Generally speaking, it will be ordered in 5 parts, known as the "5 Rights" of medication administration:
#1 What patient is getting the medication
#2 What medication is to be given
#3 How much medication is to be given
#4 What time it is to be given (or how often)
#5 What route it is to be given
So an order might be "Give John Smith (5/13/1995) lorazepam 0.5mg IV once prior to MRI"
In this example, John Smith is the patient and 5/13/1995 is his birthday to differentiate him from all the other John Smiths. "Lorazepam" is the drug's generic name, "0.5mg" is the amount of the drug. "IV" is the route, and "once prior to MRI" is the time.
Drugs have generic and brand names. For example, acetaminophen is a generic name. Many companies make acetaminophen, and each has their own brand name for the drug. Probably the most well-known brand name for acetaminophen is Tylenol, but there are others, like Calpol and Panadol. For most people, it doesn't matter which brand of a particular drug is used, just that the active ingredient (the generic name) is the same. For some people it matters because the non-active ingredients may be different between brands, and they may be allergic to a non-active ingredient that is in one brand, but not another.

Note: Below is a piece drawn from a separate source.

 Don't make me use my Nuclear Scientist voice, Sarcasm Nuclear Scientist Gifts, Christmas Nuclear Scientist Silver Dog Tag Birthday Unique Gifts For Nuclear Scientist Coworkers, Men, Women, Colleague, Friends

In a hospital setting, we're going to use the generic name, because the brand of the drug that is cheapest to the hospital pharmacy varies contract to contract, and there are a lot of drug shortages these days. That's why if you're in the hospital you might get an oval green pill one day and a round white one the next day. They're the same drug, just different brands.
The dose is given in milligrams, usually abbreviated "mg". Milligrams are a measure of weight. Cubic centimeter (cc), on the other hand is a measure of volume. At some point we switched from volume based to weight based measures because we had a lot of different concentrations and using volumes for everything made mistakes really common. If you're using weights, it doesn't matter if the concentration you have is 1mg/mL or 10mg/mL for a given drug, you can do the math and come up with a volume that is right instead of just hoping you picked the one the doctor was thinking about when they wrote the order.

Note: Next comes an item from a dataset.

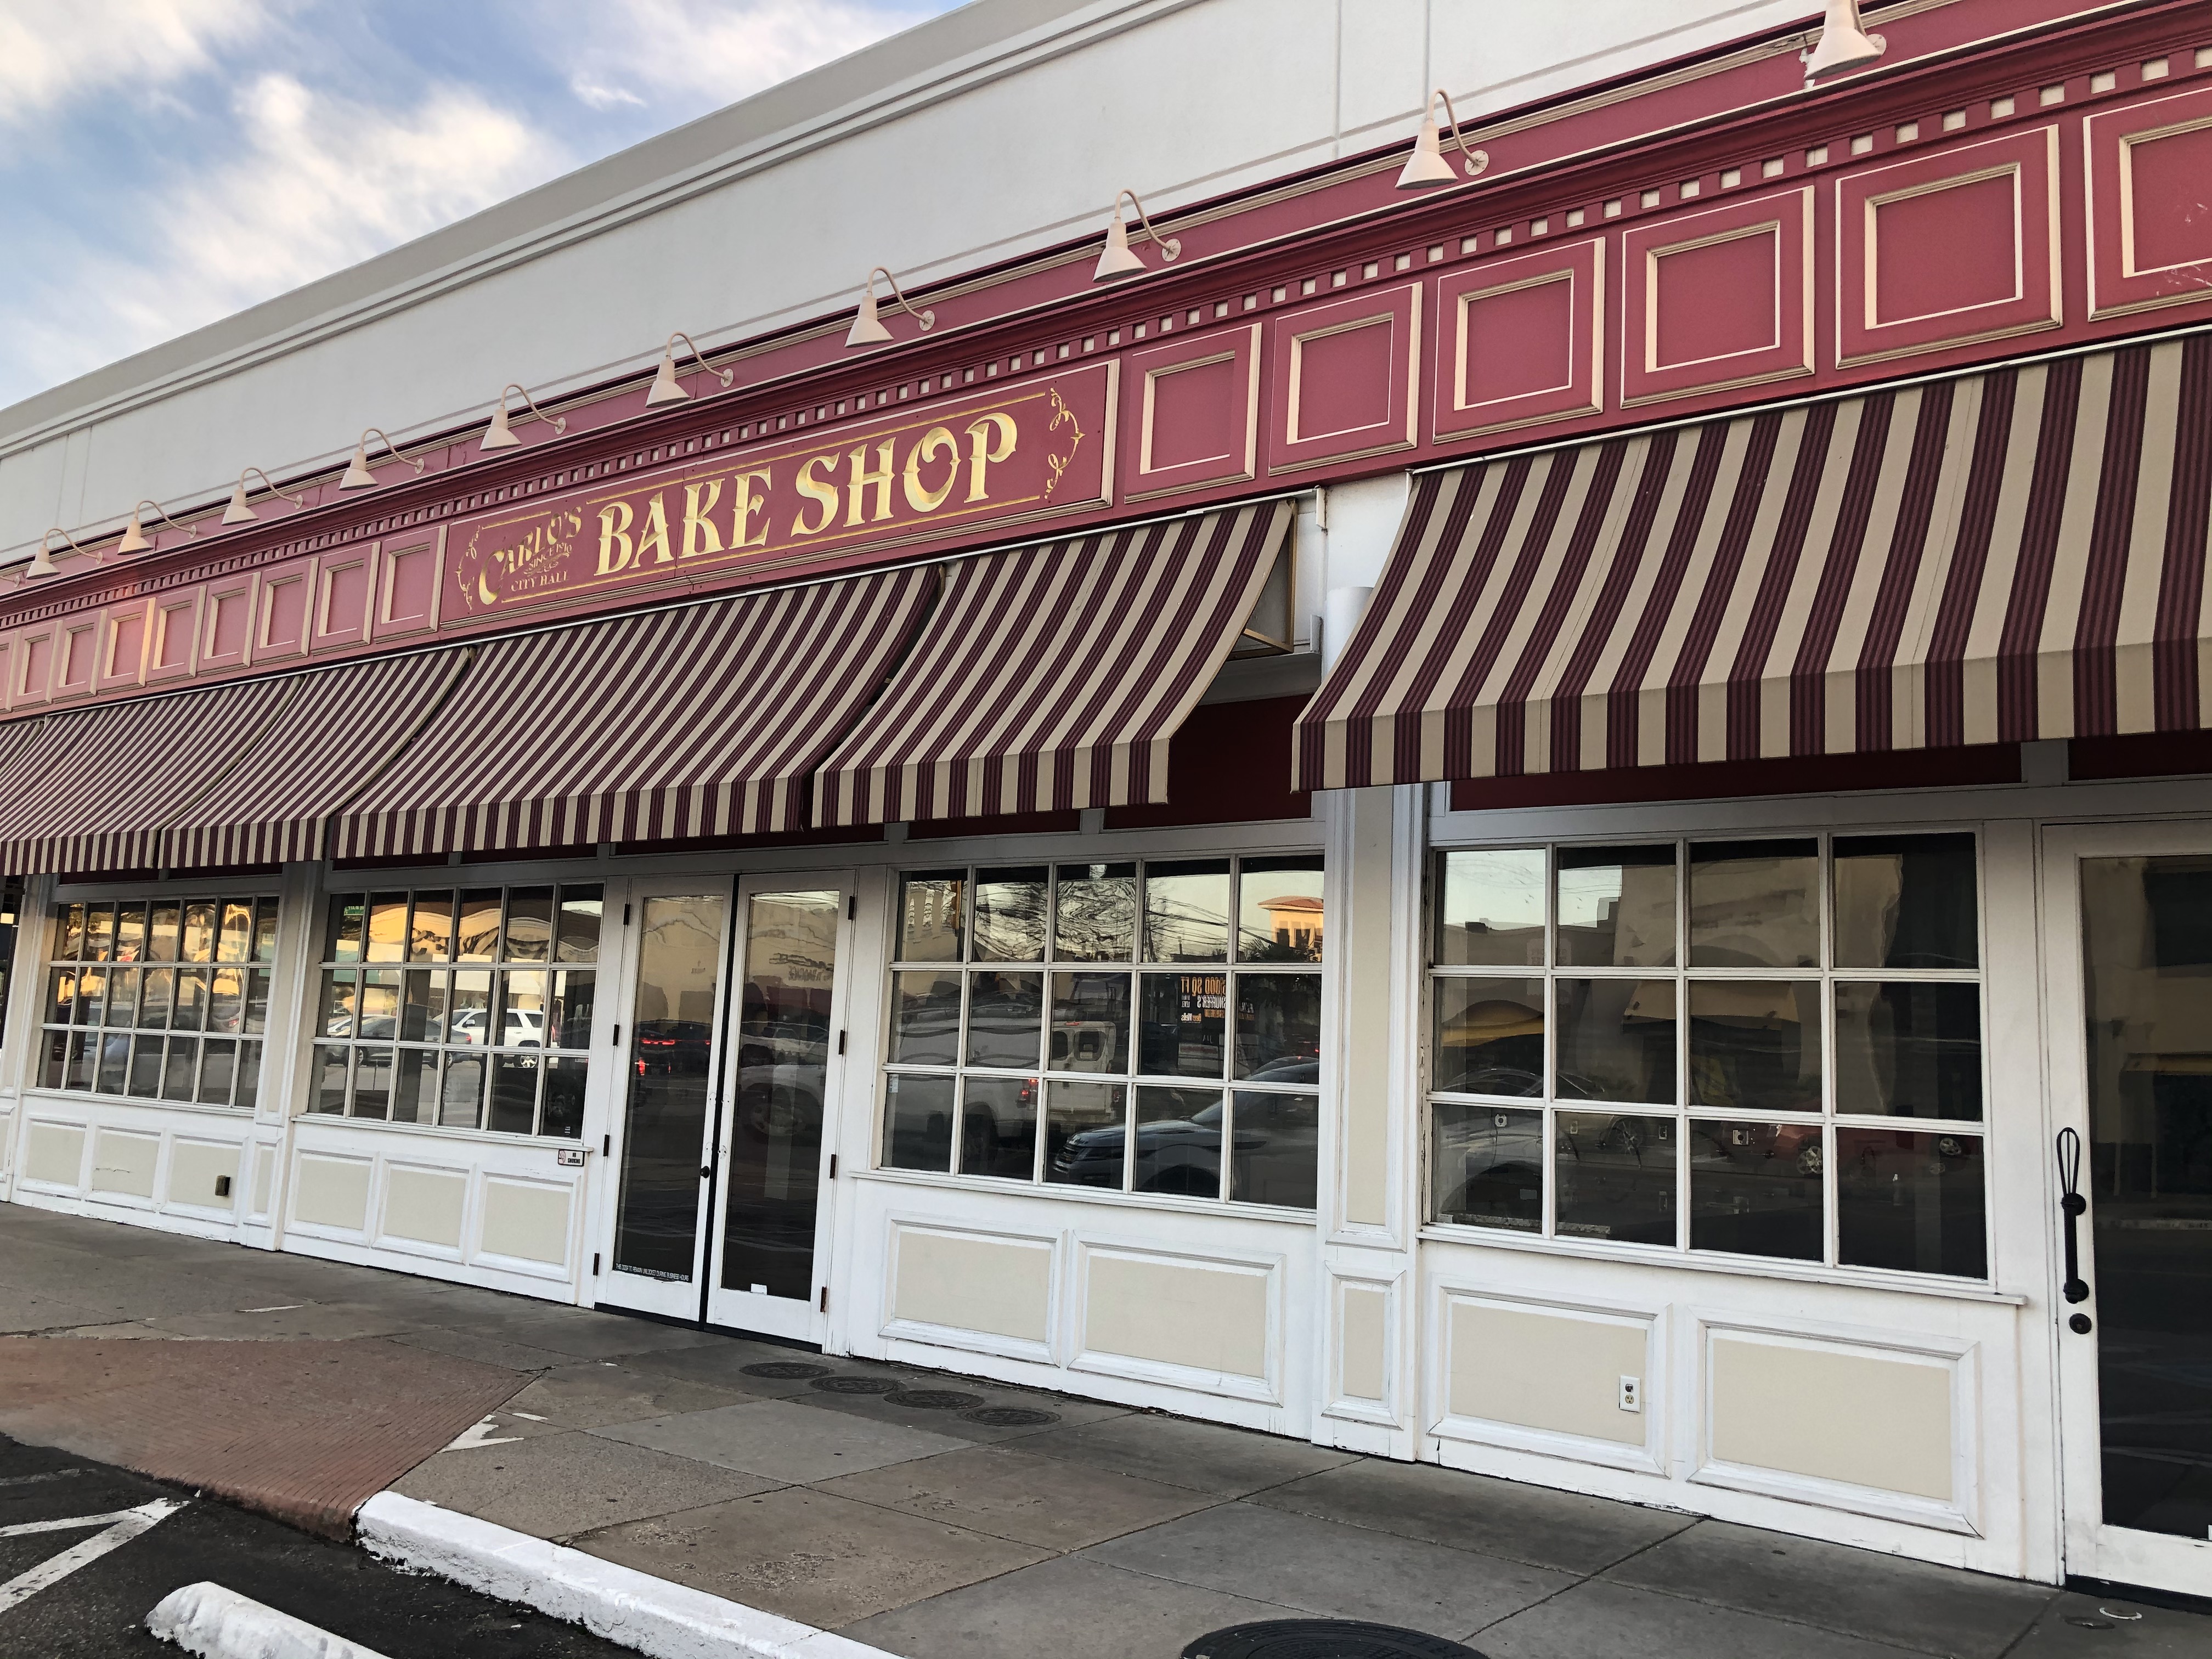 Buddies restaurant from cake boss | Cake boss, Carlos bakery, Party cakes

There are many routes a drug can take into the body. There is oral (a pill or liquid), IV (injection in a vein), IM (injection in a muscle), SQ (injection into fat), rectal/PR (a suppository, gel, or liquid inserted into the rectum), SL (under the tongue), TD (a paste or patch that sends medication through the skin) and many more.
Times can be once, once every x hours, once every x hours as needed (PRN), once under a particular circumstance, daily, or pretty much any other interval you can think of. "Stat" is a term meaning "right now".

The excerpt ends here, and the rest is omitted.